When a new record is added but the appropriate node is full, the node is split into two. A new record that points to the new node is added to the node's parent. If the parent node is full, the parent node is also split. If the parent is the root, a new level is added to the tree. Removal of a record is similar: if a node is empty (or nearly empty), the contents are merged with an adjacent node, and so on up the tree, potentially removing a level at the top.
The documentation consistently refers to the data structure as a "B*-tree", but it more closely resembles a B+-tree as described here: https://en.wikipedia.org/wiki/B%2B_tree
HFS B*-tree files use 512 bytes per node, which map directly to logical disk blocks. (While trees are managed as a collection of allocation blocks, the size of an allocation block has no bearing on the size of a node.) The first node (node 0) holds a special "header node" that describes the tree. This is NOT the root of the tree; rather, it points to the root. Additional nodes are allocated sequentially, with an in-use bitmap to track them.
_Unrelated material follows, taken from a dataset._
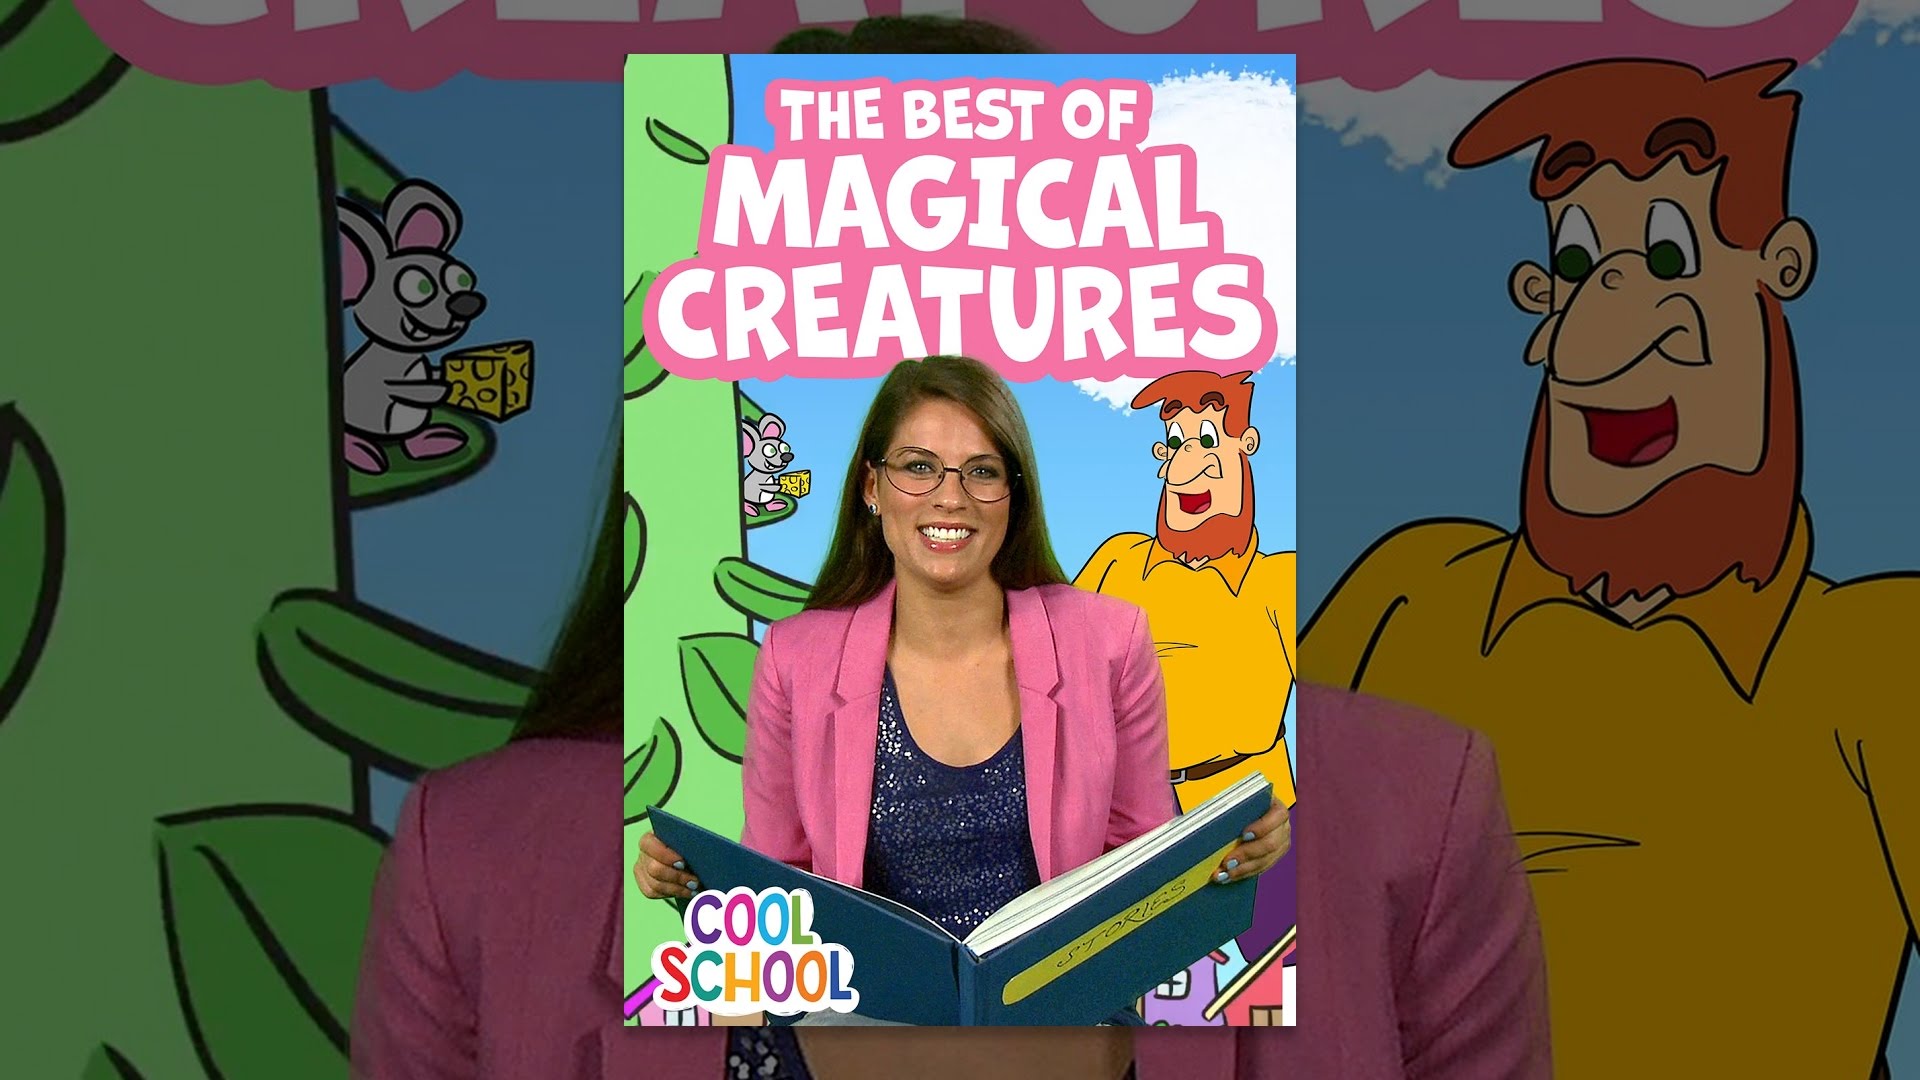 The Best of Magical Creatures - Cool School

Nodes in the middle of the tree are called "index nodes", while those at the bottom are called "leaf nodes". Unlike the classic B-tree definition, records in index nodes just point to other nodes, and all data is stored in the leaves. Each record starts with a key, whose definition is specific to the tree type. Records in index nodes are simply the key followed by a 32-bit node index, pointing to the node at the next level down.
There are also "map nodes", linked in a list from the header node, that are used to extend the in-use bitmap.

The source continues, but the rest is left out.